DATA BELOW Block Start

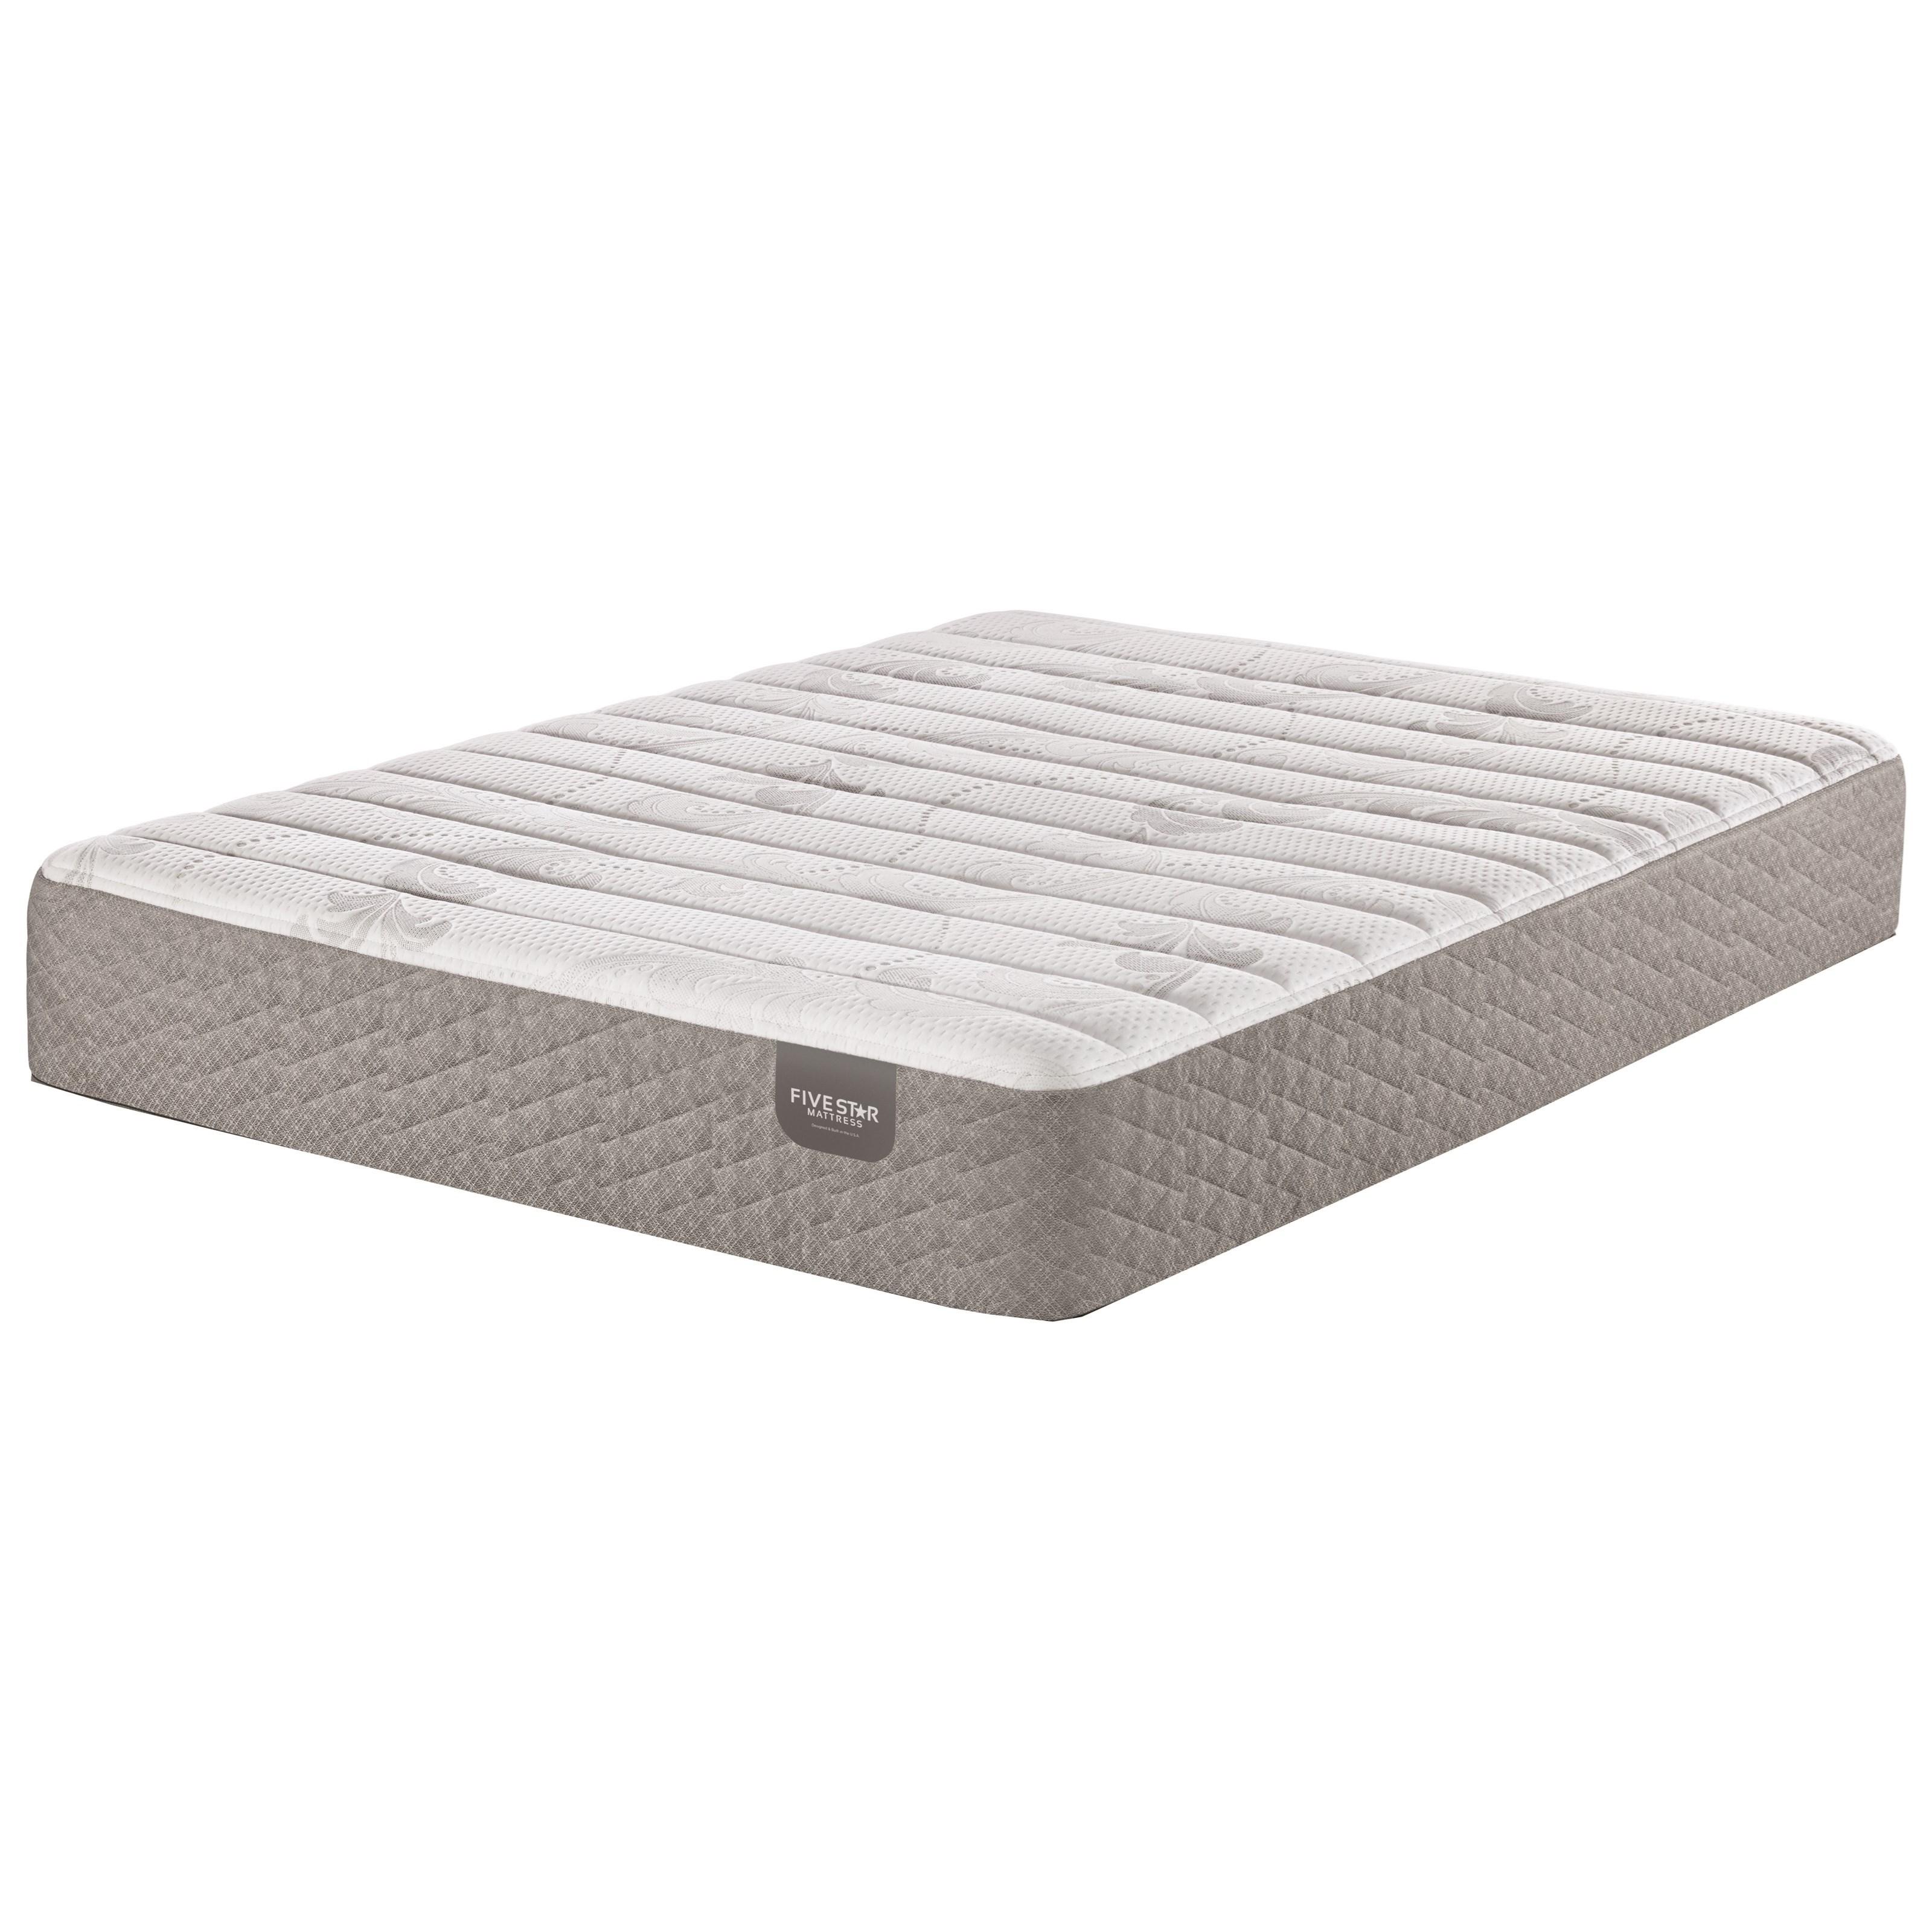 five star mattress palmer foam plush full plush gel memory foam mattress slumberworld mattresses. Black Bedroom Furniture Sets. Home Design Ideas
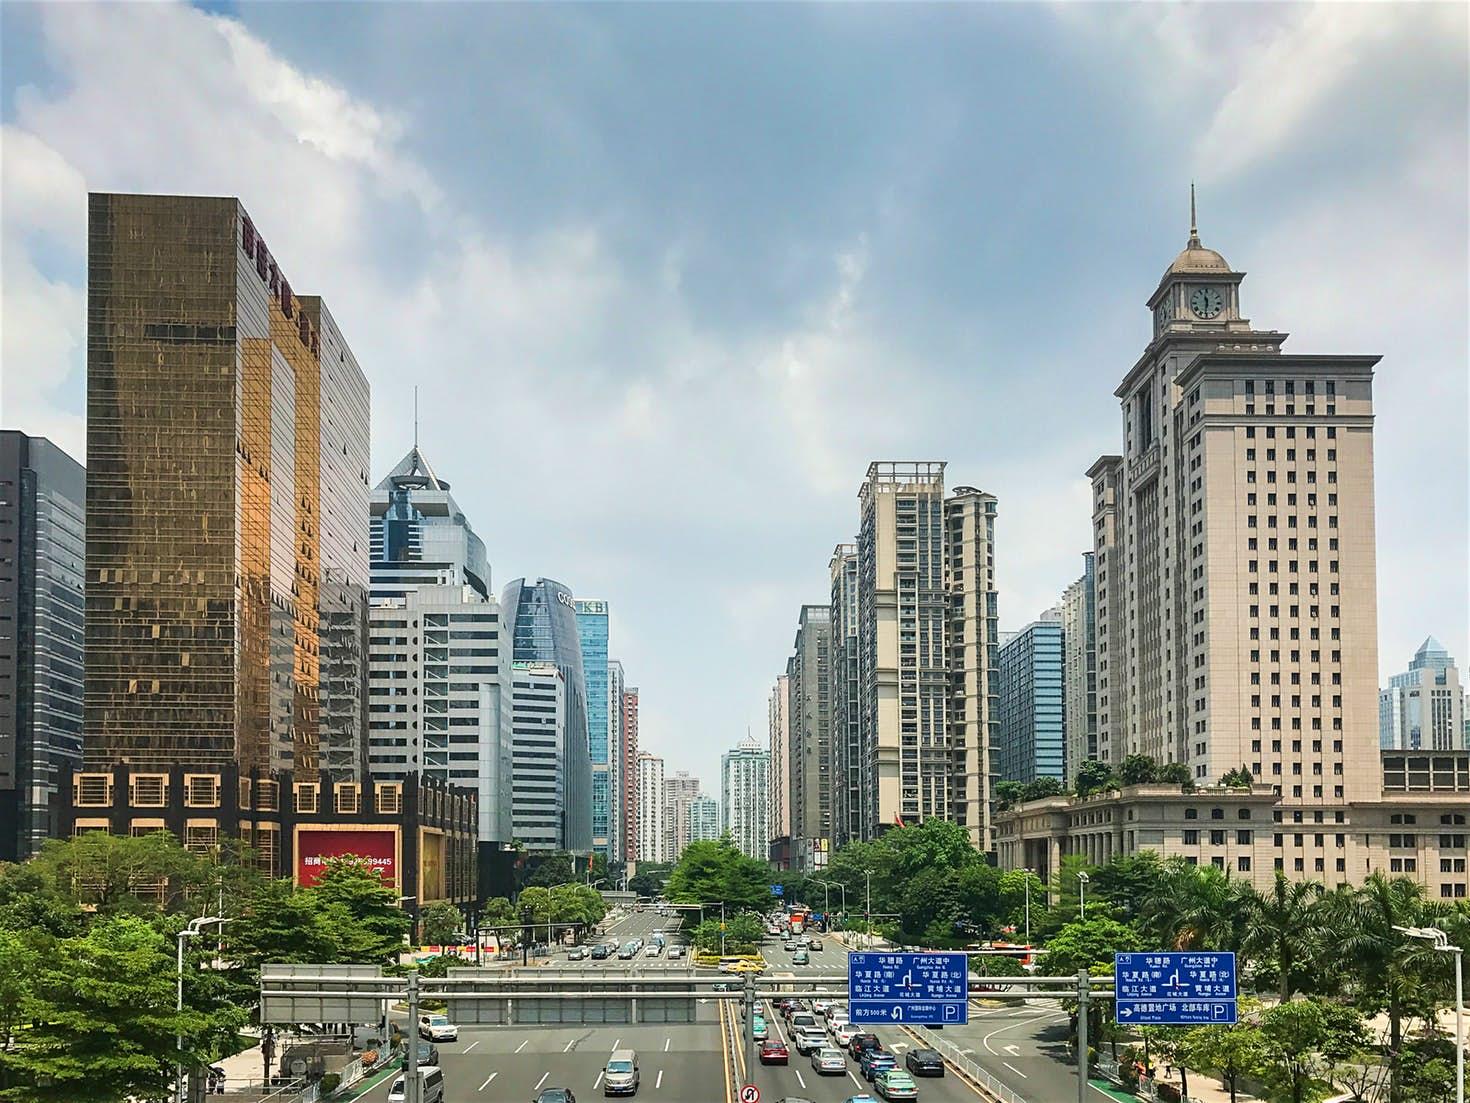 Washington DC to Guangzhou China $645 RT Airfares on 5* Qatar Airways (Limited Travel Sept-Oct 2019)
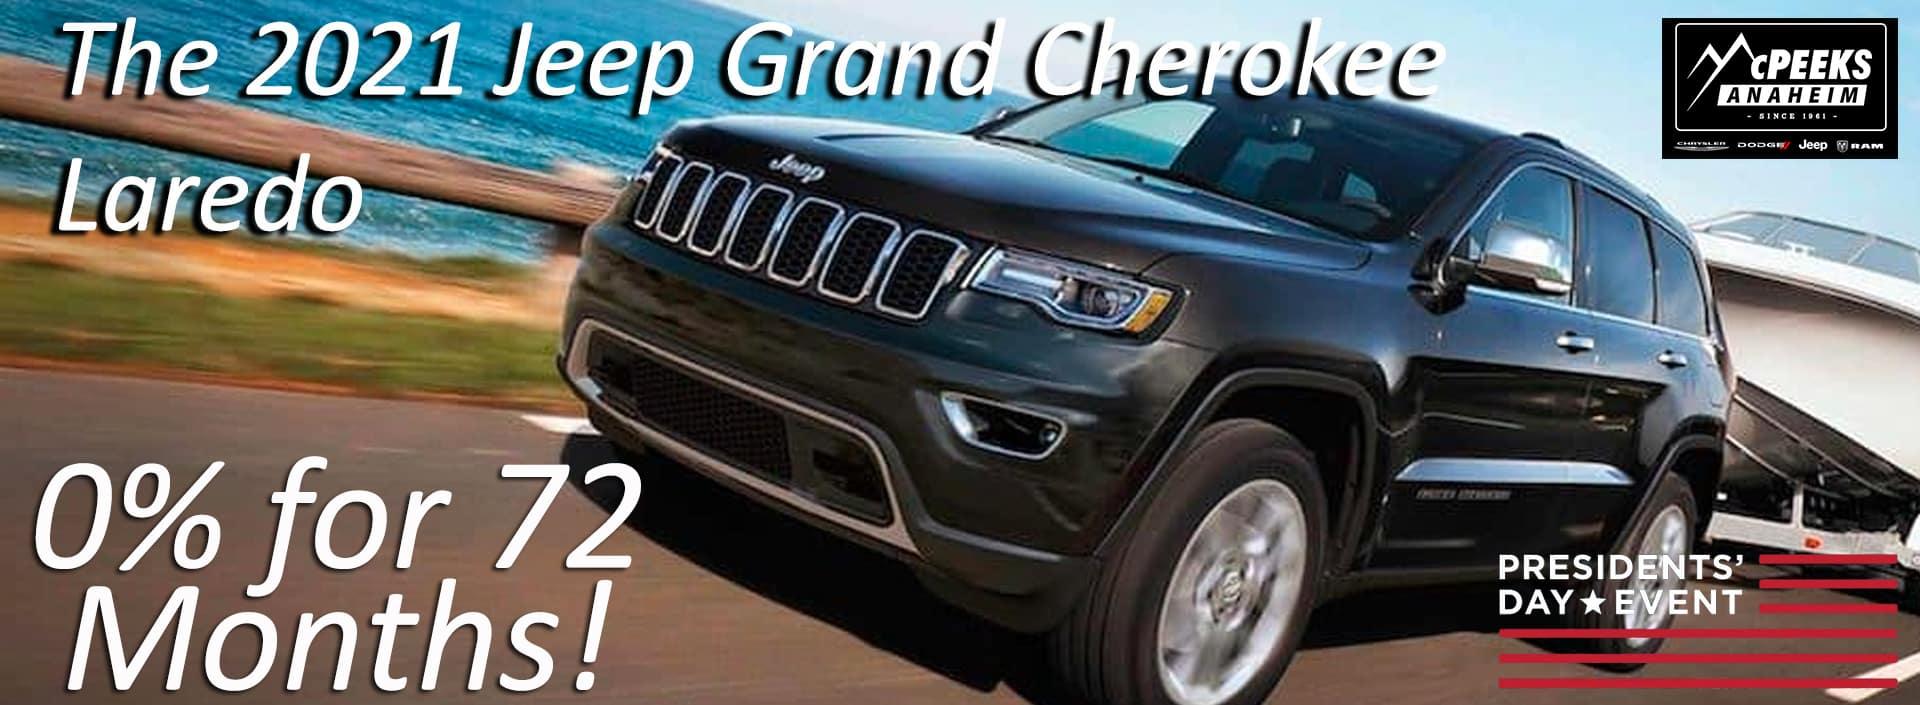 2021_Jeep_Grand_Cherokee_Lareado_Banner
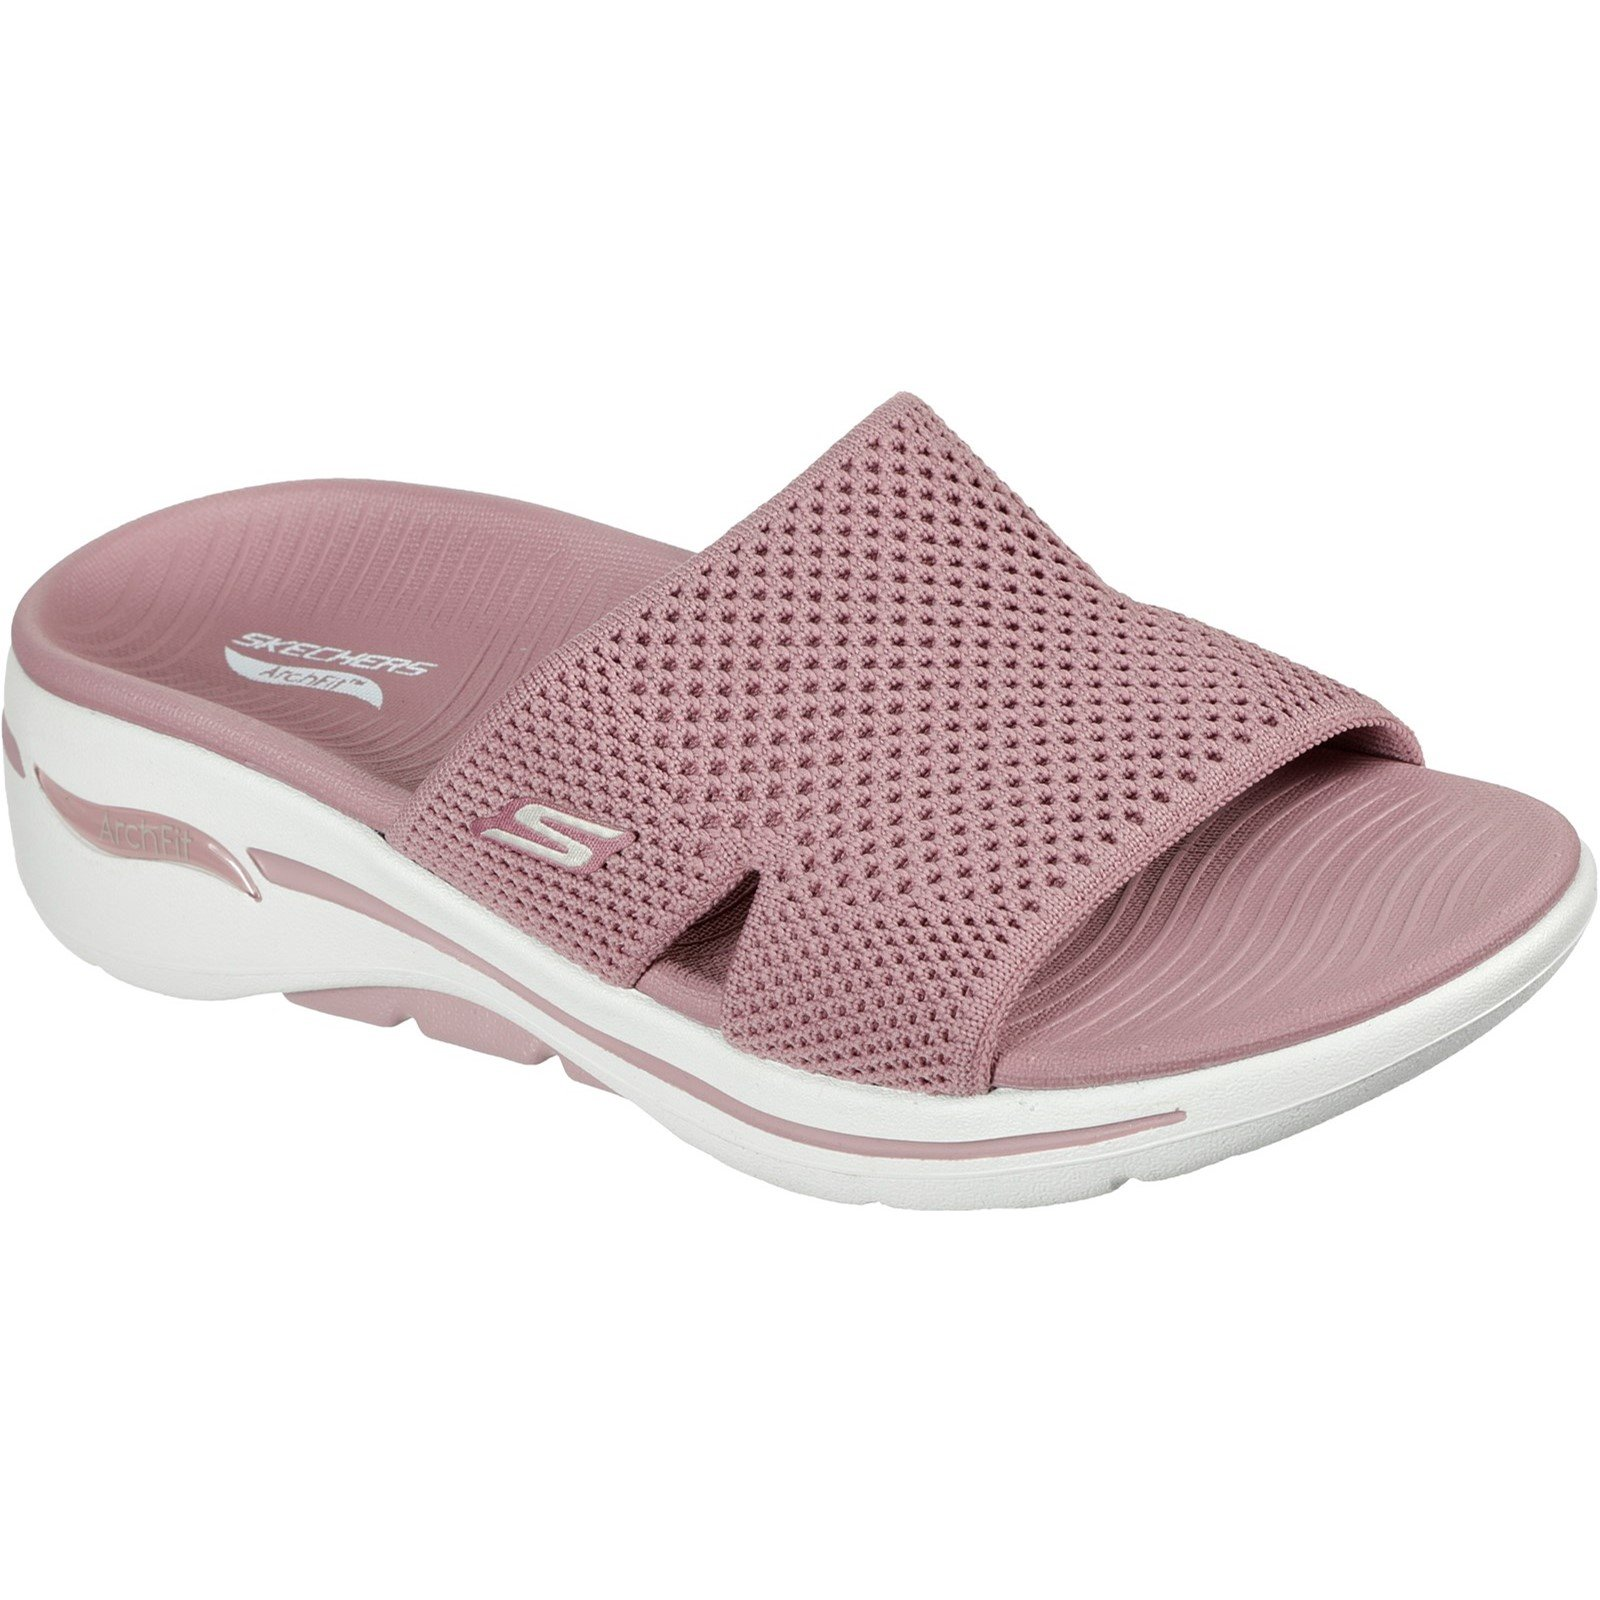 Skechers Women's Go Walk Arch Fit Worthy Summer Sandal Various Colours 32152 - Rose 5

DATA BELOW Block End

**TASK REQUIREMENTS**:
Reproduce the material exactly; keep pictures out.

**EXPECTED OUTPUT**:
 five star mattress palmer foam plush full plush gel memory foam mattress slumberworld mattresses. Black Bedroom Furniture Sets. Home Design Ideas
 Washington DC to Guangzhou China $645 RT Airfares on 5* Qatar Airways (Limited Travel Sept-Oct 2019)
 2021_Jeep_Grand_Cherokee_Lareado_Banner
 Skechers Women's Go Walk Arch Fit Worthy Summer Sandal Various Colours 32152 - Rose 5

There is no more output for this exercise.